====== Collected material ======

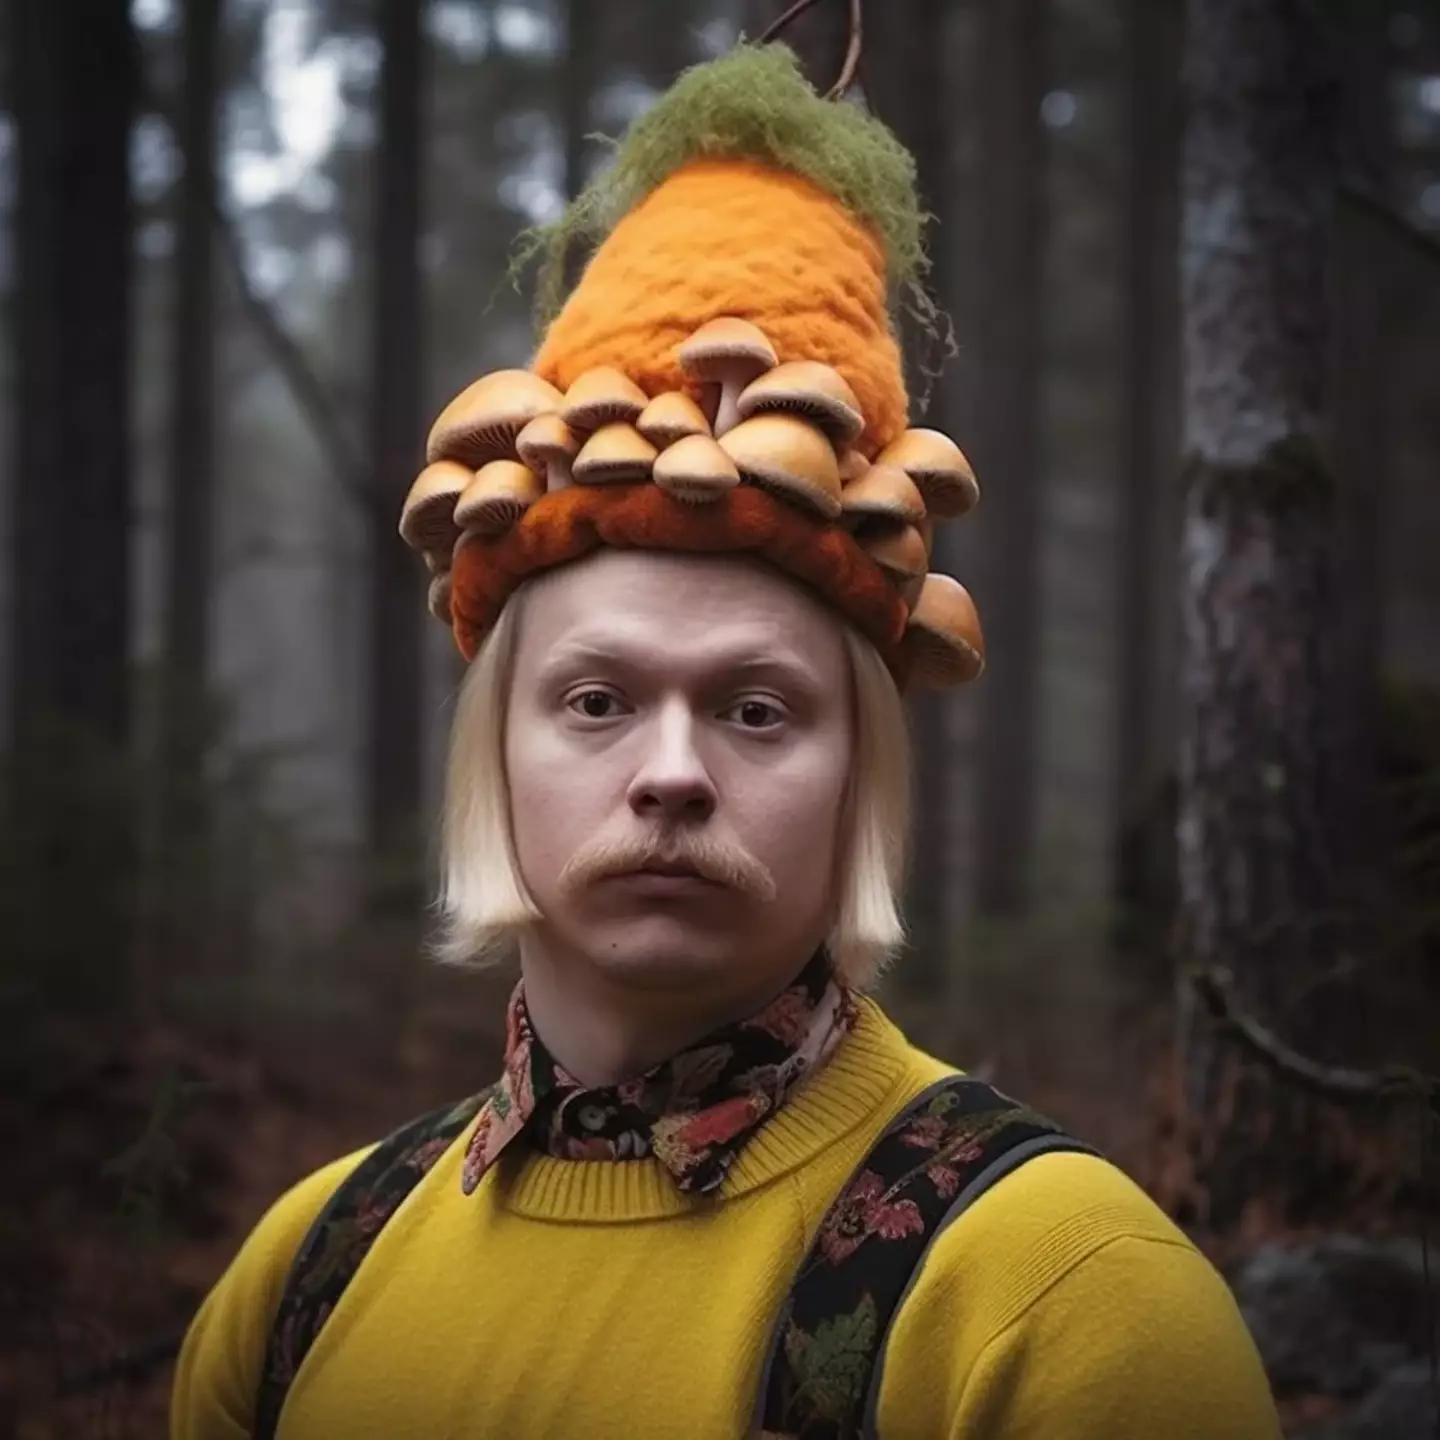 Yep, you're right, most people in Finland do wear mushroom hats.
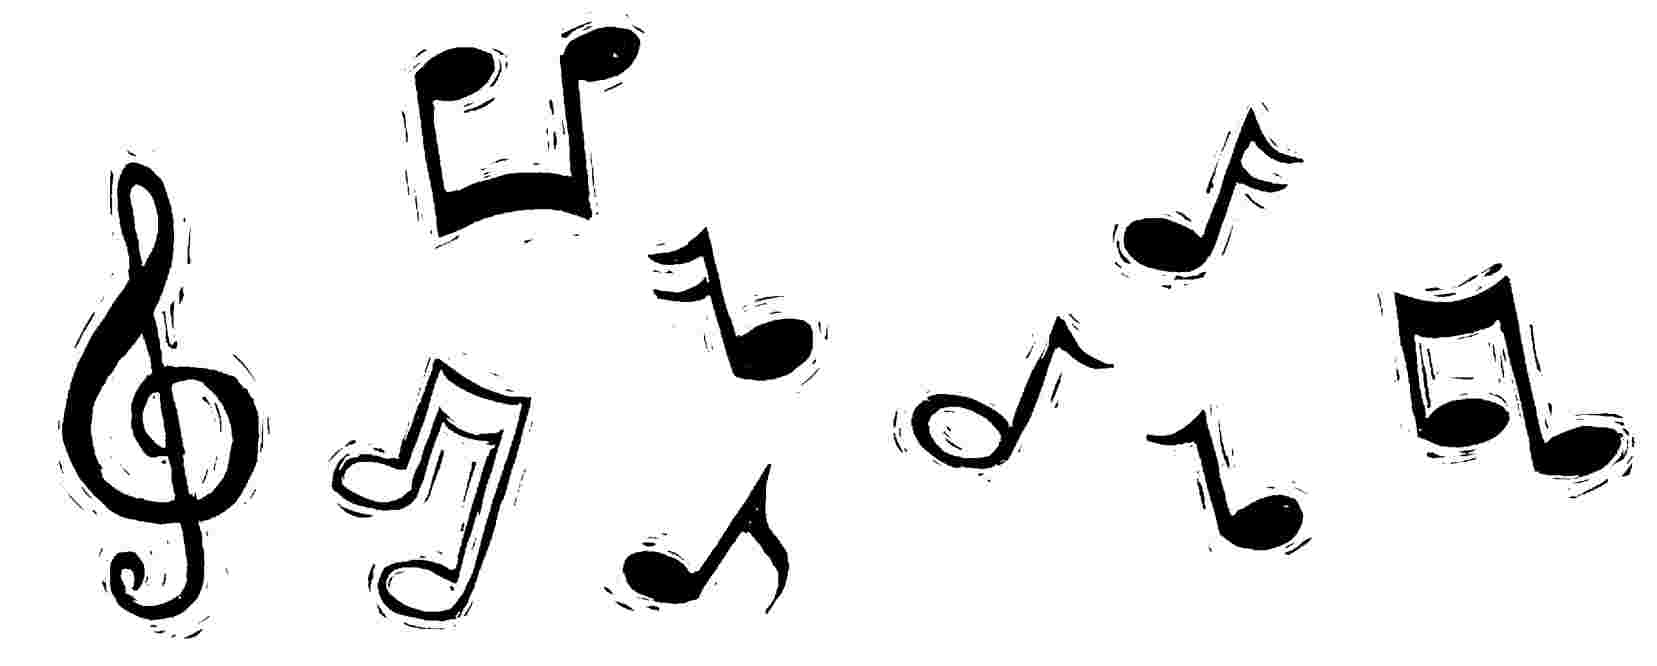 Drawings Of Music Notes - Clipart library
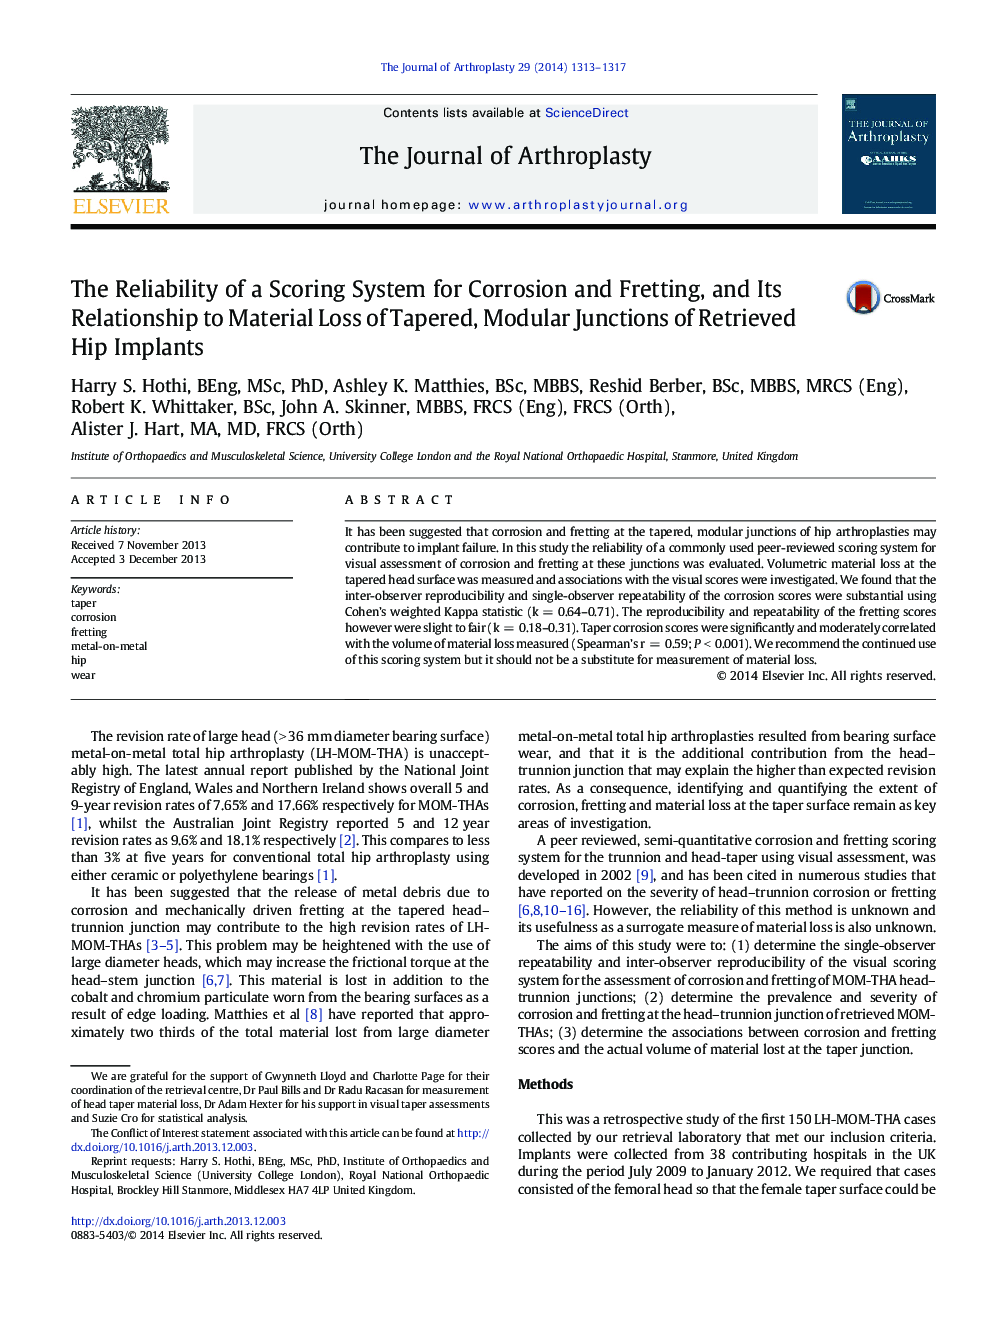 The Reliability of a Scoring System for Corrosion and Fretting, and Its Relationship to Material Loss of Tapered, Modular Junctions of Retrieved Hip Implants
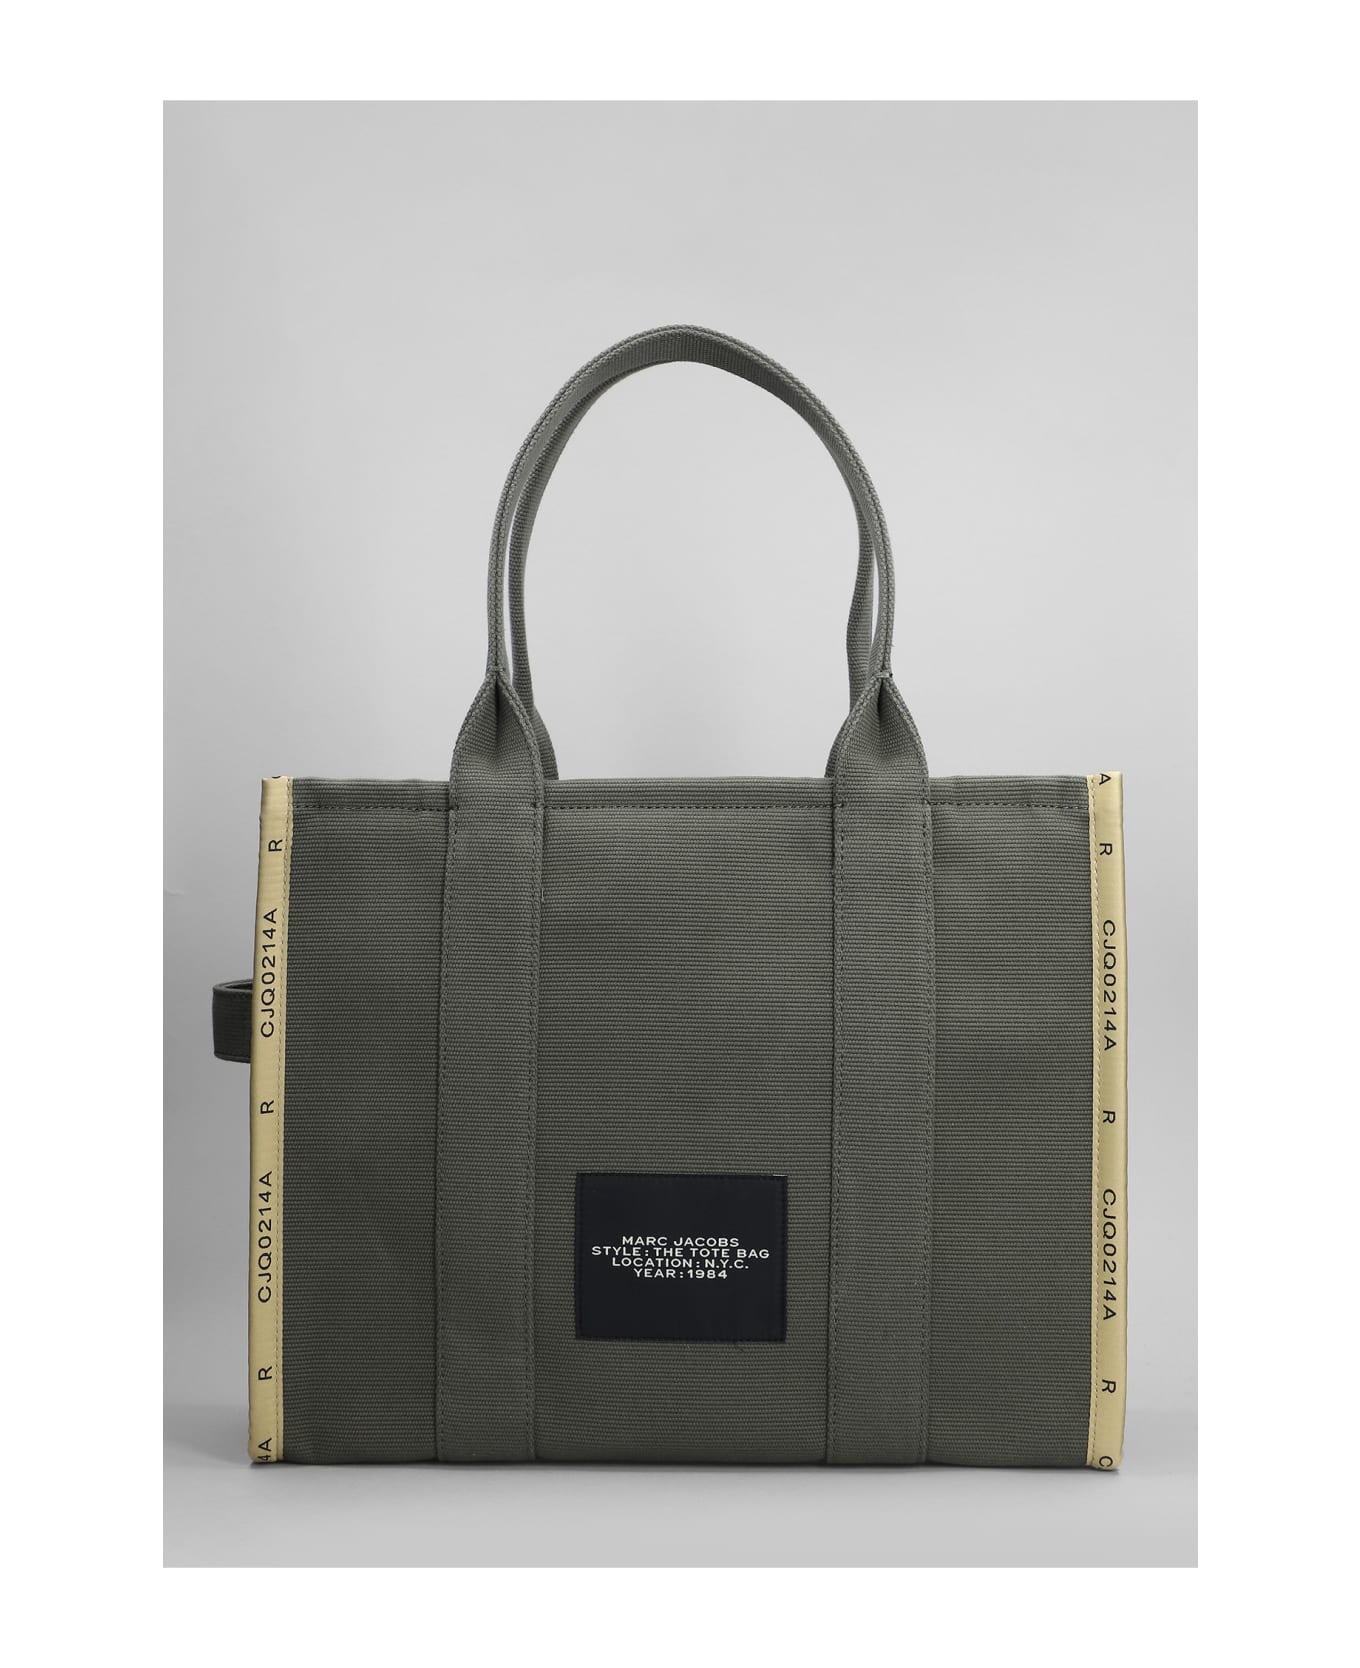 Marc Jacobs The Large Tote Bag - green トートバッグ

======

▸ Instructions to follow:
Reproduce the material above in full, images excluded.

▸ Output:
 Yep, you're right, most people in Finland do wear mushroom hats.
 Drawings Of Music Notes - Clipart library
 The Reliability of a Scoring System for Corrosion and Fretting, and Its Relationship to Material Loss of Tapered, Modular Junctions of Retrieved Hip Implants
 Marc Jacobs The Large Tote Bag - green トートバッグ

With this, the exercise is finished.